Fano resonances arise from interference between Kondo state and direct path.

Strong electron-phonon interaction can induce an effective attractive interaction, promoting charge Kondo effect.

Gate voltage tuning can restore the Kondo resonance suppressed by electron-hole symmetry breaking.

Abstract

We theoretically investigate the transport properties of a molecule embedded in one arm of a mesoscopic Aharonov-Bohm interferometer. Due to the presence of phonons the molecule level position ($\epsilon_d$) and the electron-electron interaction ($U$) undergo a \emph{polaronic shift} which affects dramatically the electronic transport through the molecular junction.
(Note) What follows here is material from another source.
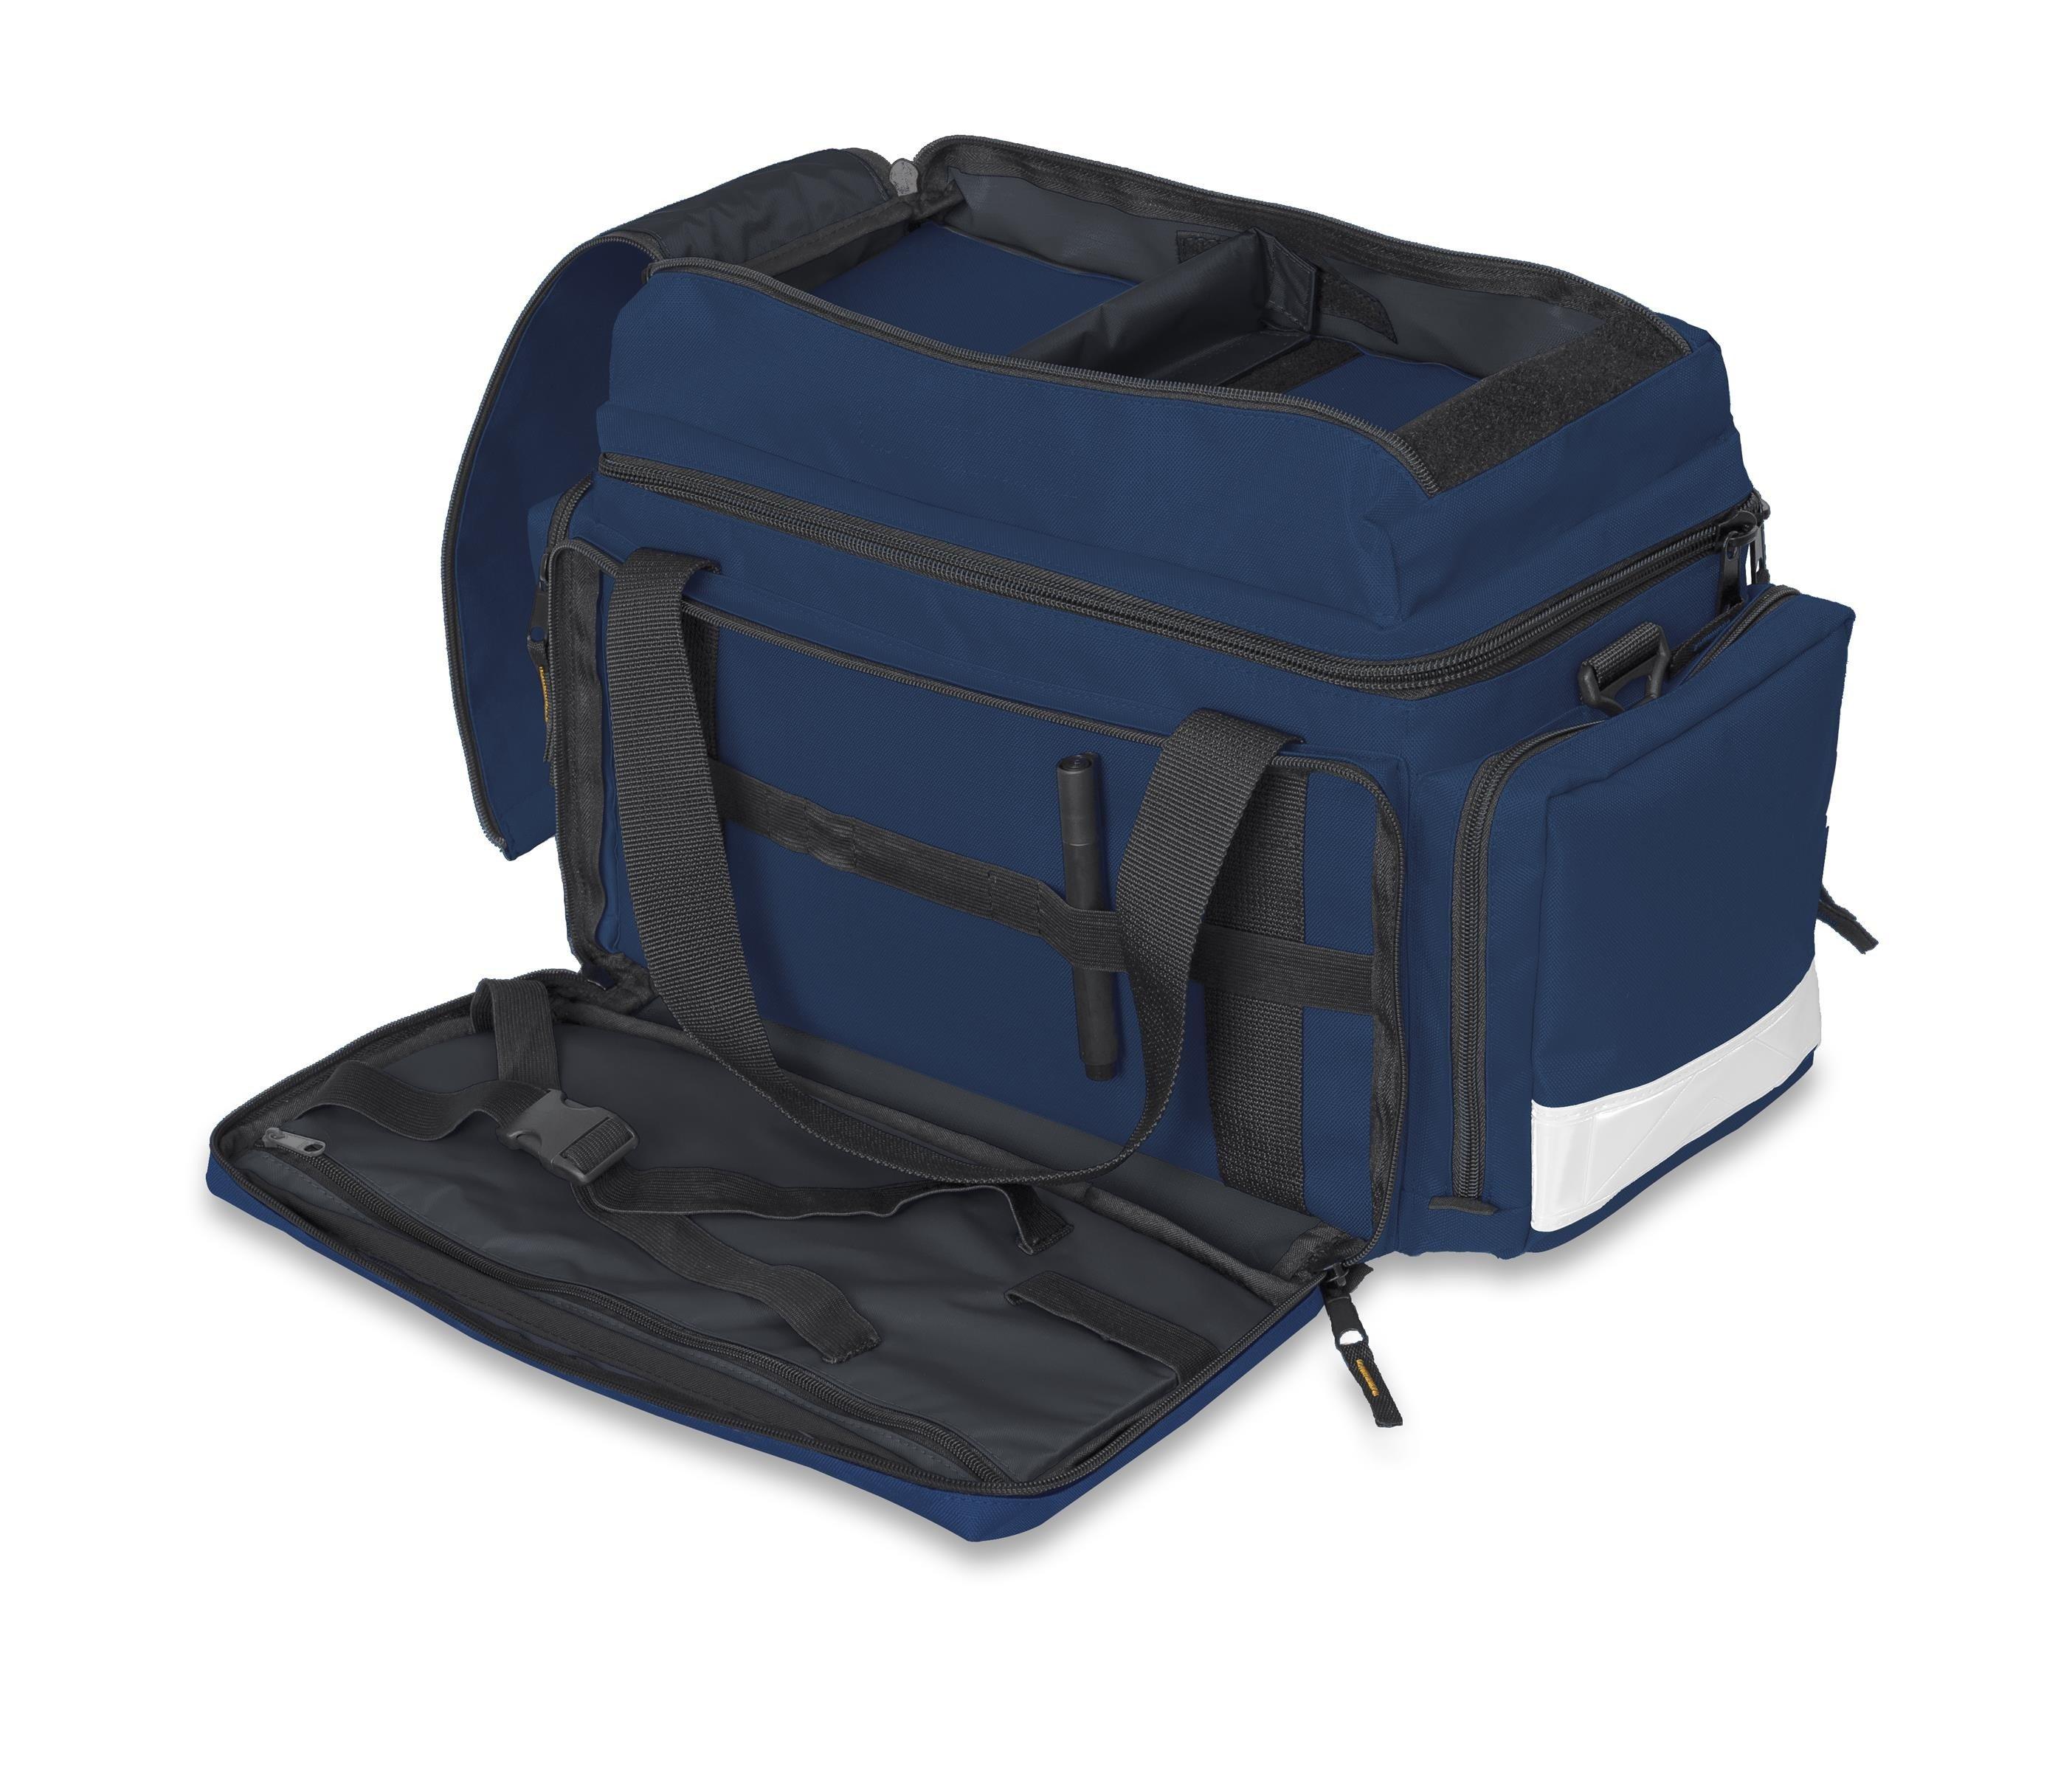 5707f426b8f2f Torba medyczna medic bag basic granatowa - torbymedyczne.com

When the electron-phonon interaction is weak the linear conductance presents Fano-line shapes as long as the direct channel between the electrodes is opened. The observed Fano resonances in the linear conductance are originated from the interference between the spin Kondo state and the direct path. For strong enough electron-phonon interaction, the electron-electron interaction is renormalized towards negative values, {\it i.e.} becomes effectively attractive. This scenario favors fluctuations between the empty and doubly occupied charge states and therefore promotes a charge Kondo effect. However, the direct path between the contacts breaks the electron-hole symmetry which can efficiently suppress this charge Kondo effect. Nevertheless, we show that a proper tuning of the gate voltage is able to revive the Kondo resonance. Our results are obtained by using the Numerical Renormalization approximation to compute the electronic spectral function and the linear conductance.